En las necrológicas de estos días se alaba, con razón, su compromiso con la libertad, su coherencia, su vastísima producción periodística. Montaner era un excelente analista político, con una rara capacidad para detectar el autoritarismo antes que nadie. También, un conferenciante de primera. Jaime Suchlicki, durante muchos años director de la Cátedra Bacardí de estudios cubanos de la Universidad de Miami, decía que Carlos Alberto garantizaba lleno seguro «para varios días». A mí me acompañó en dos ocasiones, la última en la Casa de América con otro gigante, el historiador y jesuita Fernando García de Cortázar, inesperadamente fallecido el año pasado. Eran de la misma edad y pese ver el mundo con ojos distintos –escépticos y algo pesimistas, los de Carlos Alberto; católicos y confiados en el caso de Fernando– ambos compartían su firmeza frente al totalitarismo, ya fuera el de Fidel o el de ETA.
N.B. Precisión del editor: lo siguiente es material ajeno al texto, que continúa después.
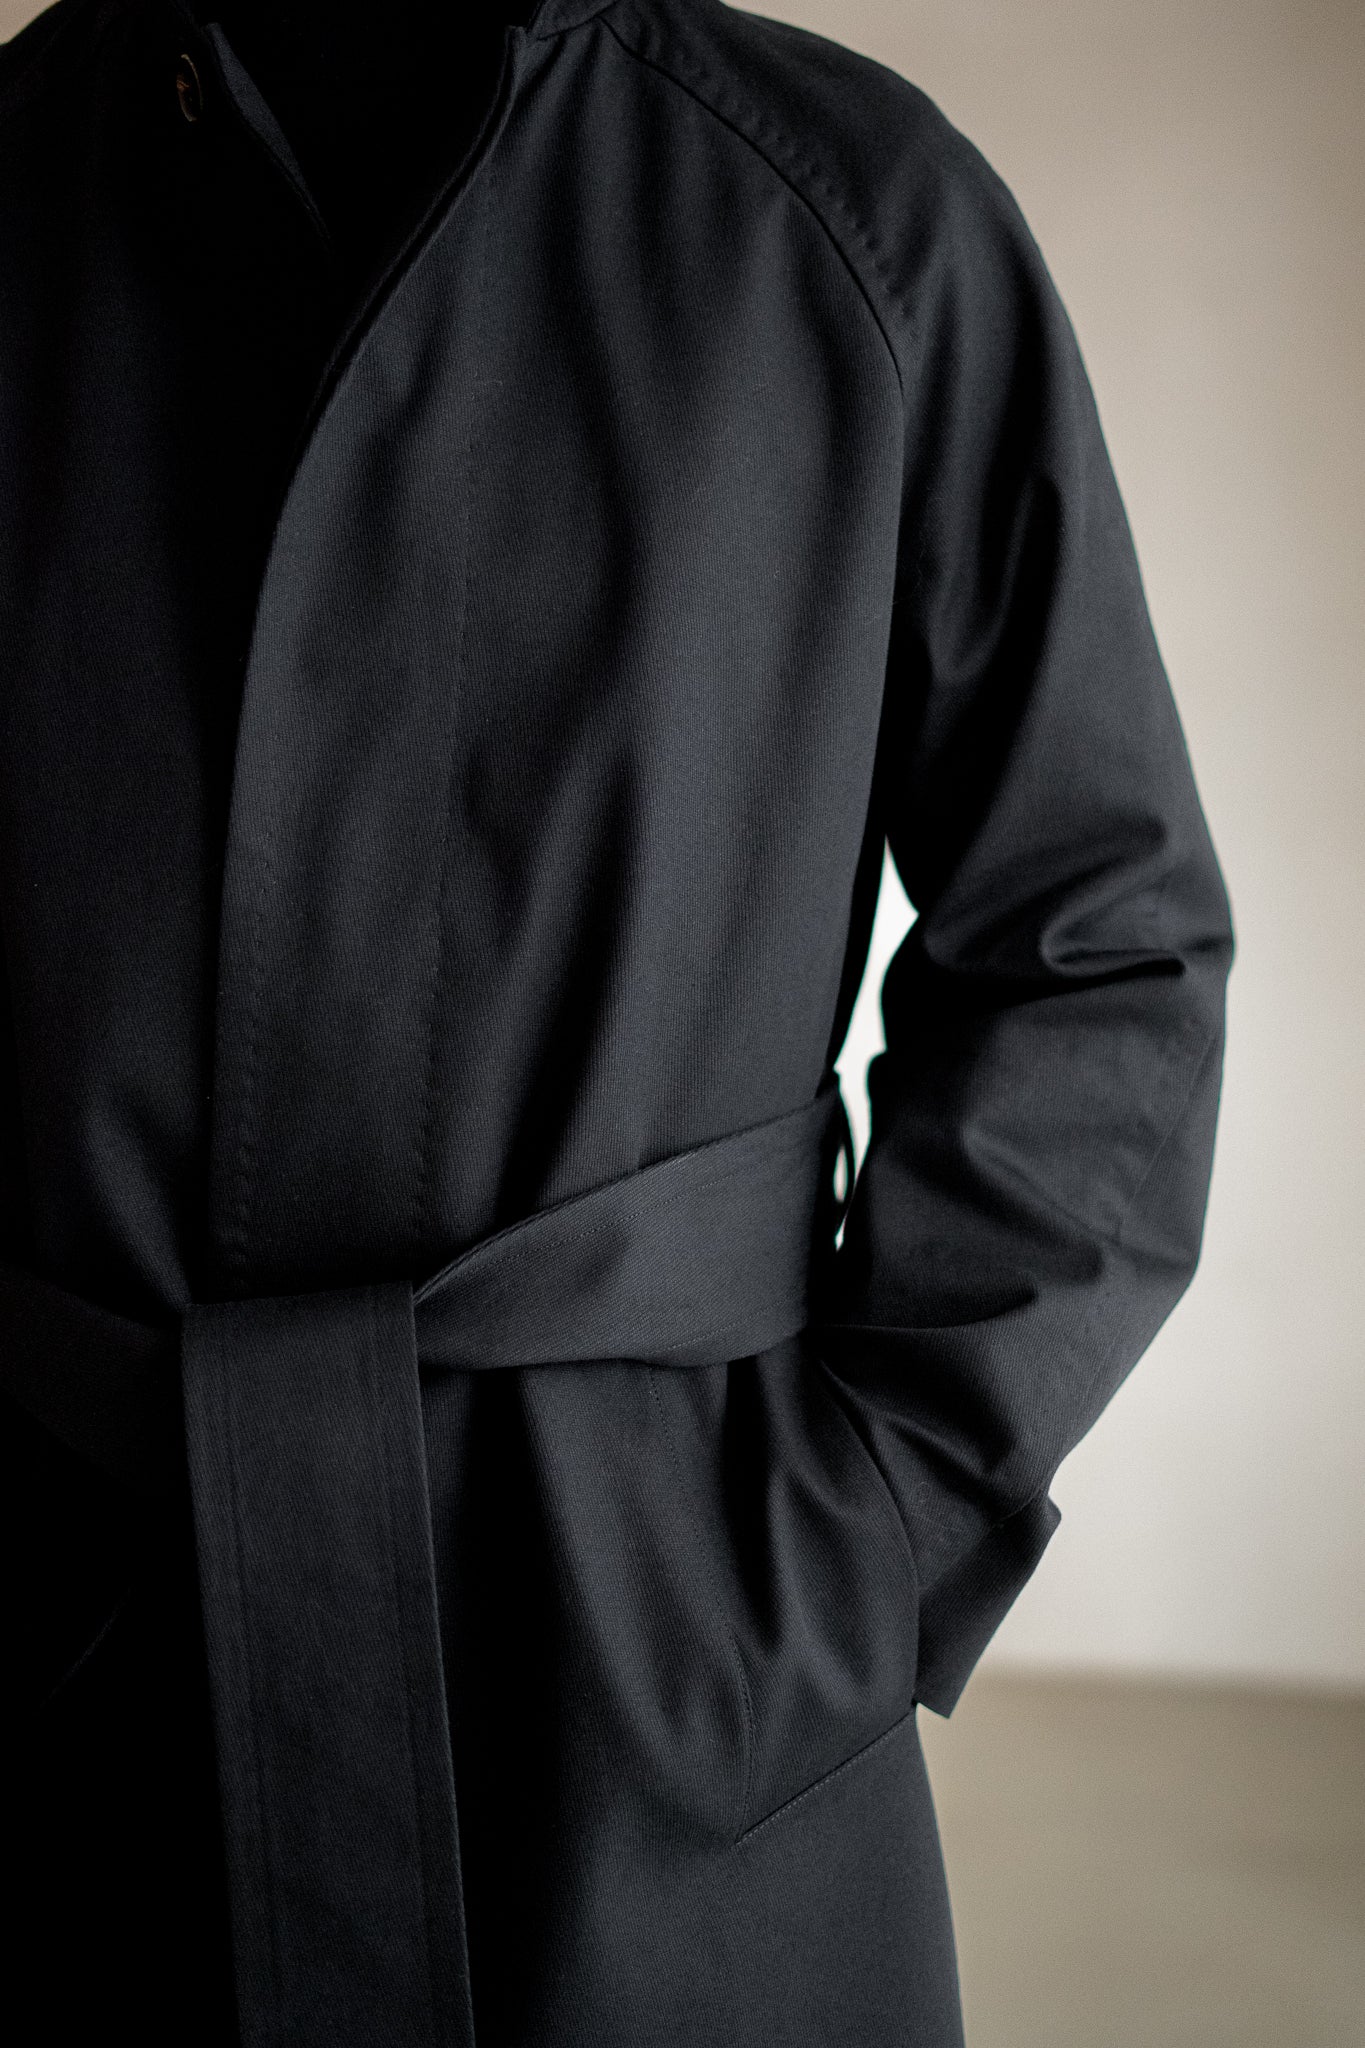 Split Raglan Black UK Cotton Overcoat

Sus últimos años de vida quedaron marcados por la una enfermedad cruel, variante del párkinson. Me lo dijo por teléfono. Yo le llamaba puntualmente por su cumpleaños y en aquella ocasión me preguntó por la Clínica Universidad de Navarra. Prometí gestionarlo. Semanas más tarde, en uno de sus viajes de vuelta a Madrid, lo recogí en Barajas y comimos juntos. Él ya se había instalado en un liberalismo radical donde la autonomía humana era absoluta y sin referente exterior alguno. El fondo de su argumentación no era nuevo; la forma, sí. Por supuesto, coherente, pero de una coherencia feroz. Se lo argumenté, me escuchó atento y respondió con su peculiar media voz: «Uría, eres un conservador camino de la reacción. Lees demasiado a Scruton». Ambos reímos con gana. Dominaba la ironía y sabía rebajar la tensión. Al final, nos despedimos con un «nos vemos pronto», pero no pudo ser. Carlos Alberto eligió, libérrimamente, el momento de morir. No lo cuestiono, quién soy yo para ello, pero eso no atenúa la pena.
Se ha ido un titán de libertad. De la estirpe de Pérez Serantes, Huber Matos, Mario Chanes o Pedro Meurice. Un hombre valiente y bueno sin ostentación. Un cubano que, como millones, jamás regresó a su patria. Descansa en paz, Carlos Alberto. Volveremos a vernos.